* YOUR OBJECTIVE:
What is needed is an exact copy of the lines in the entries below from the one holding "Top level. The" through the one holding "Captain Underpants Coloring Pages", pictures excluded.

* EXTRACTED ENTRIES:
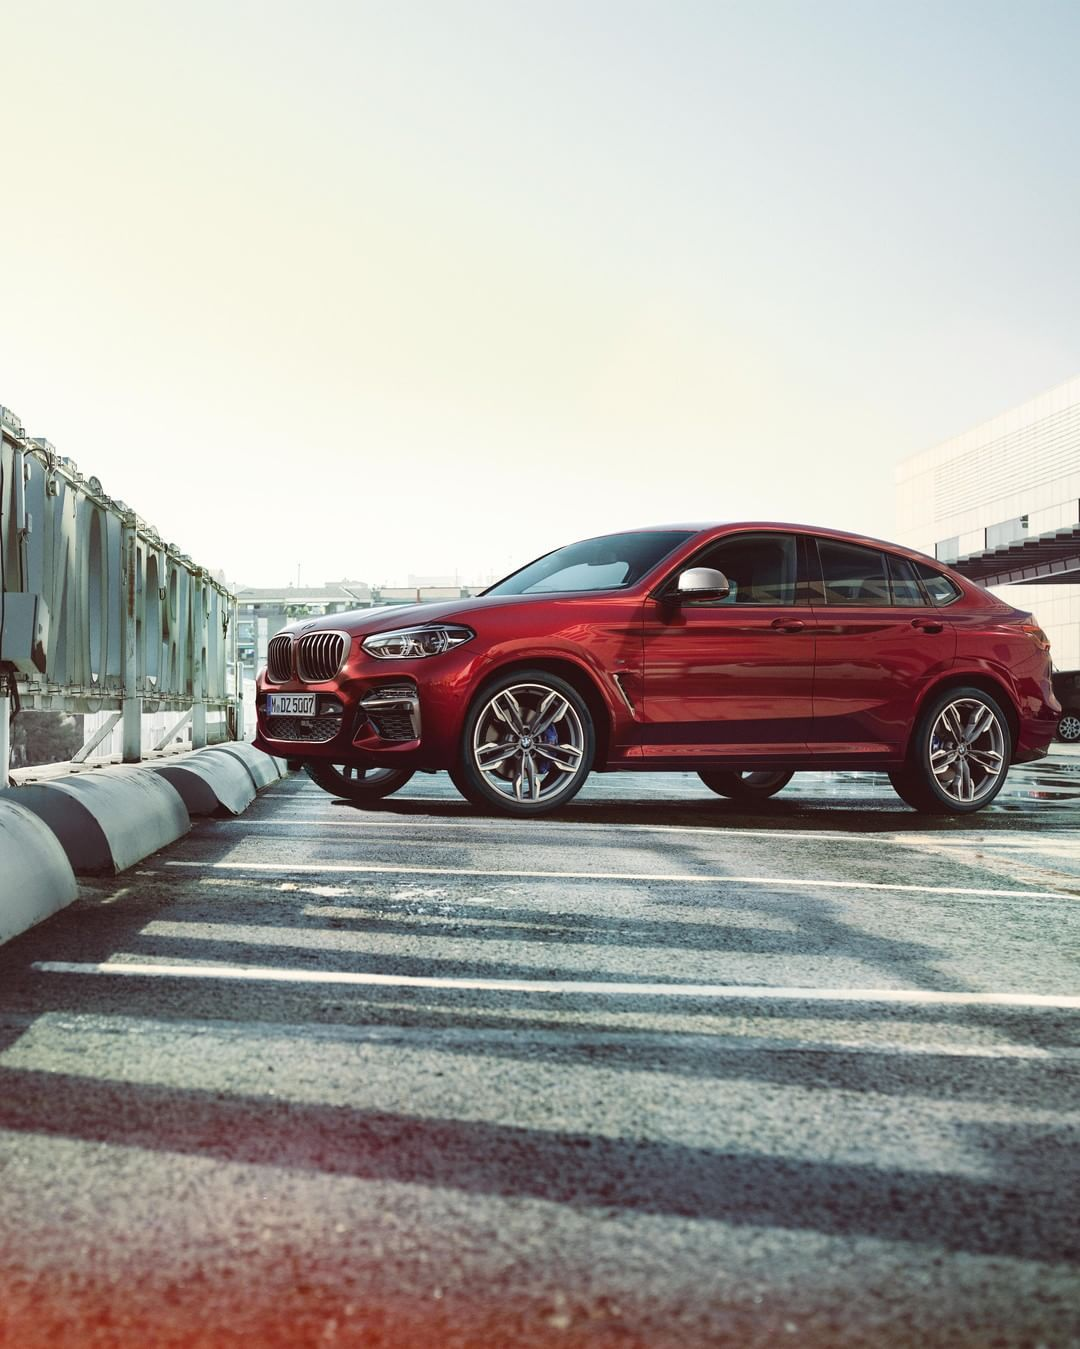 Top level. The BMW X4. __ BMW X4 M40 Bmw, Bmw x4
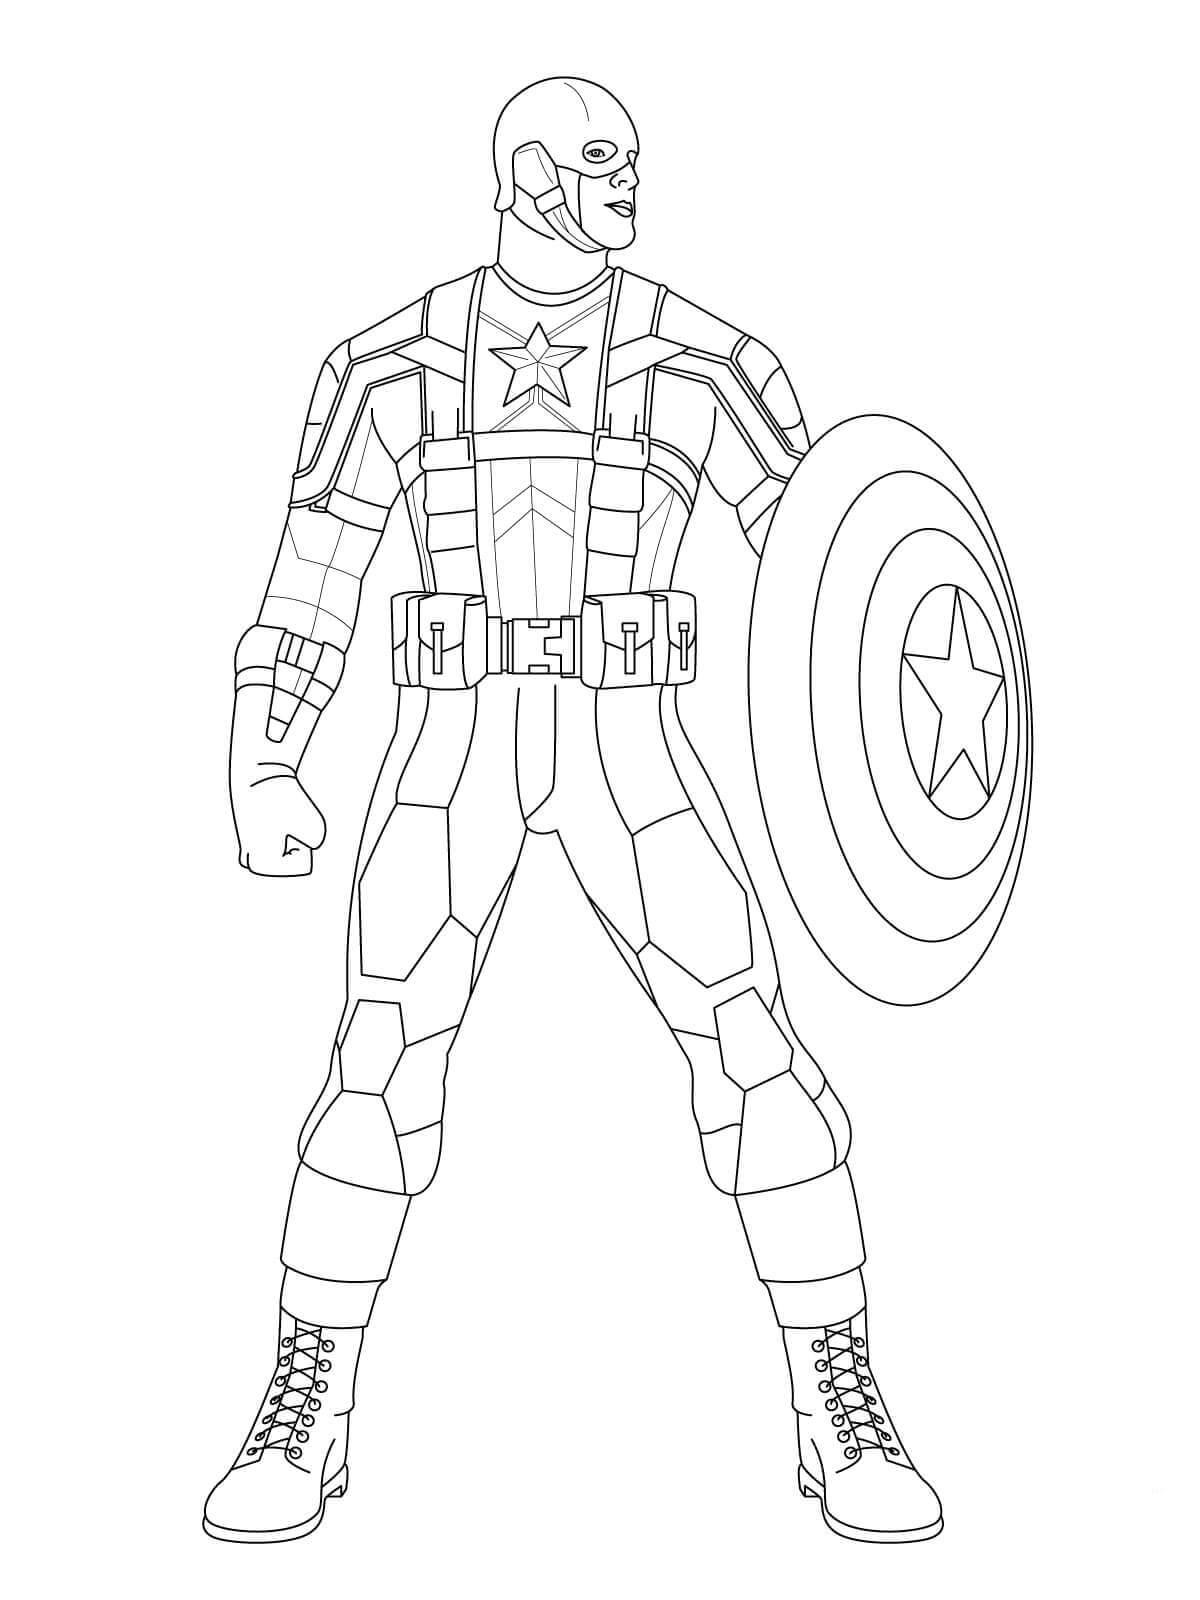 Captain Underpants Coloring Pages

==

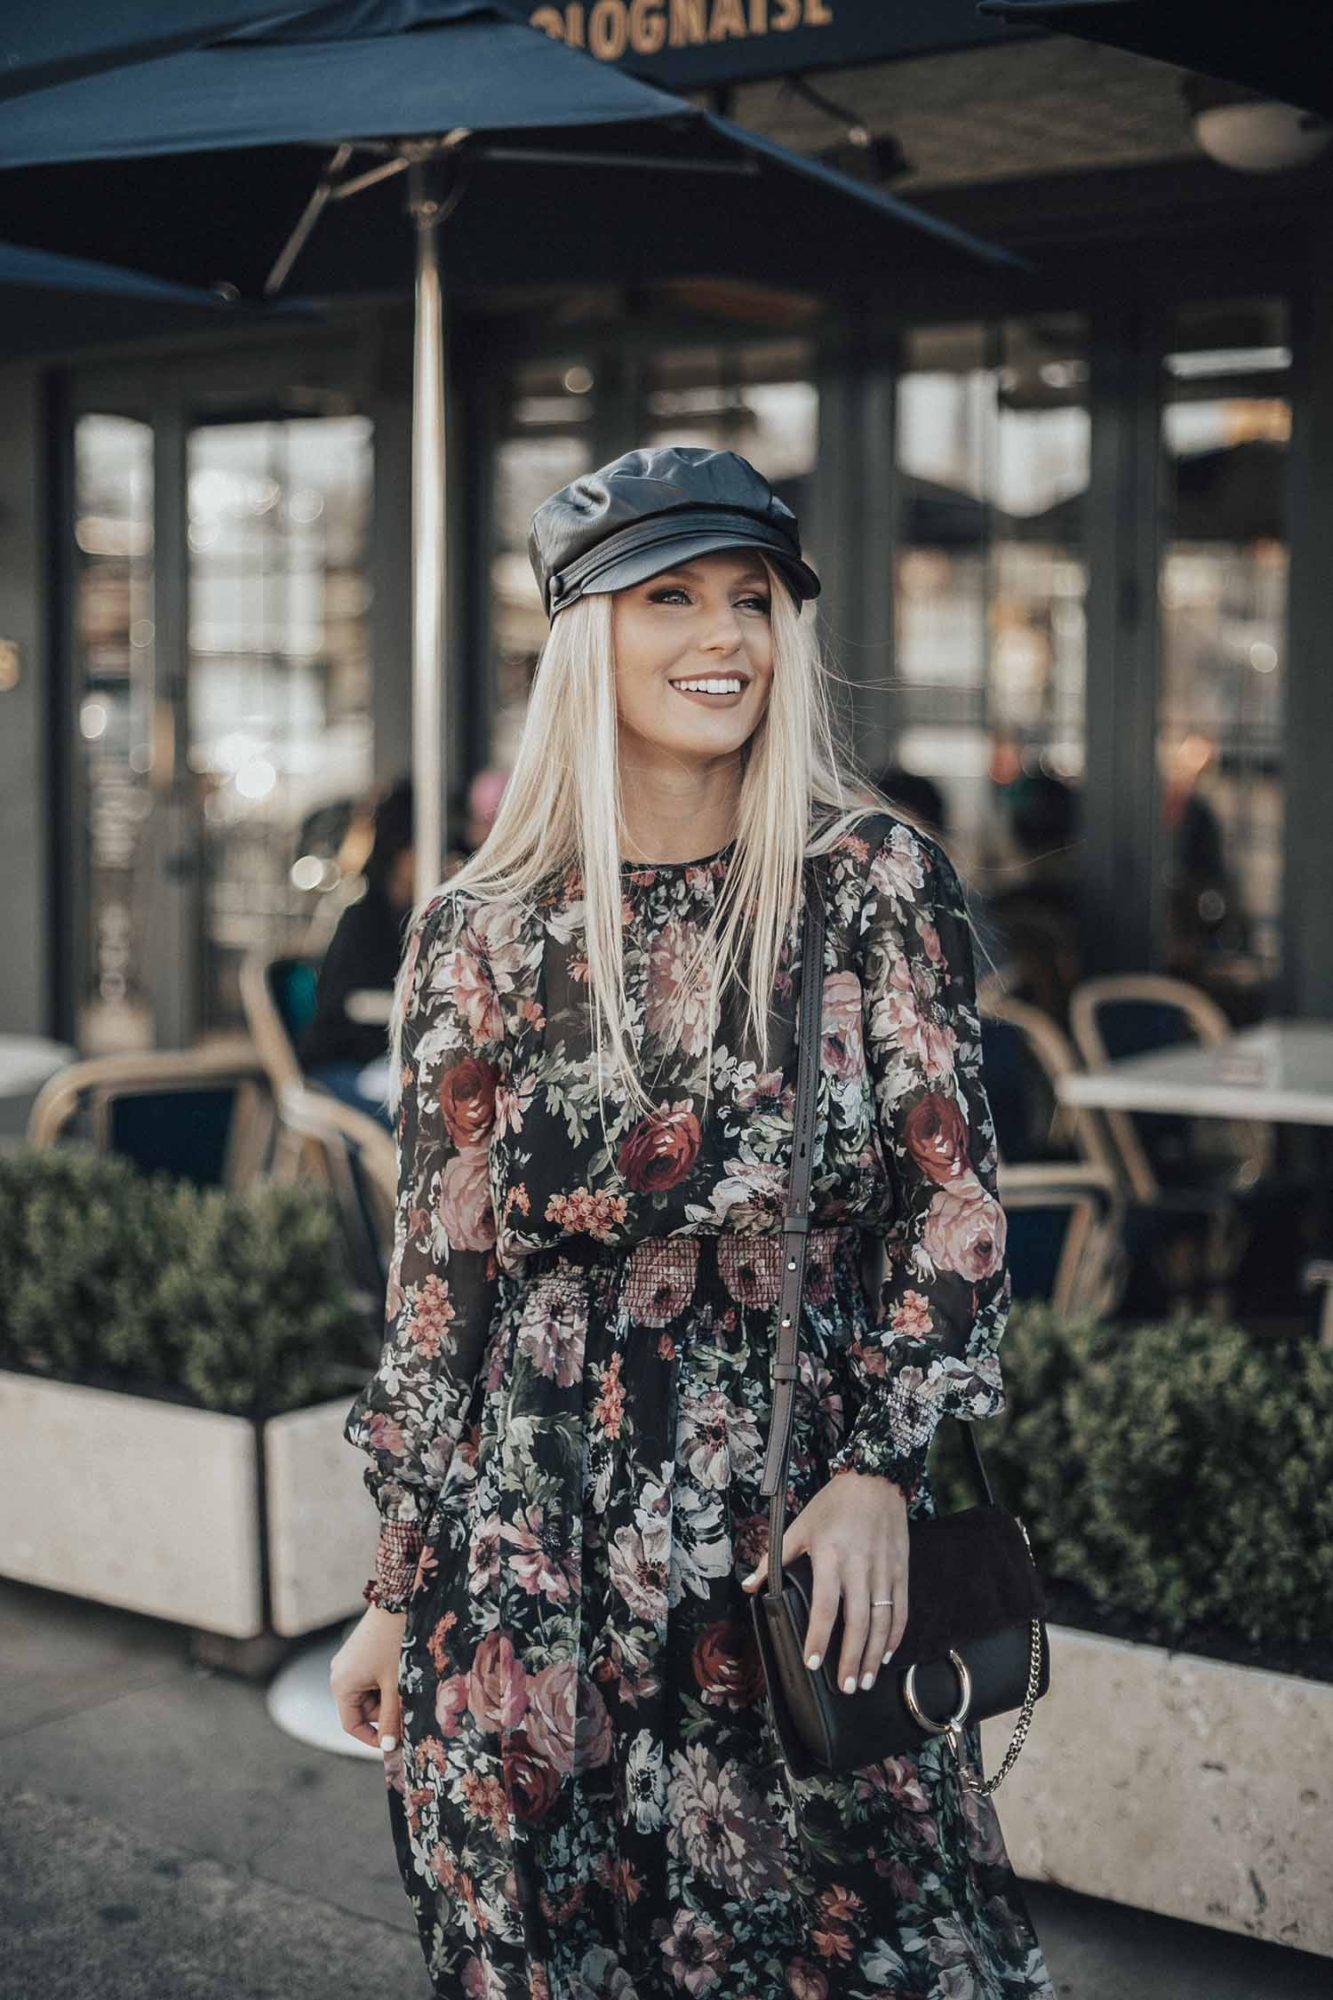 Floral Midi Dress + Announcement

* SOLUTION TO THIS TASK:
 Top level. The BMW X4. __ BMW X4 M40 Bmw, Bmw x4
 Captain Underpants Coloring Pages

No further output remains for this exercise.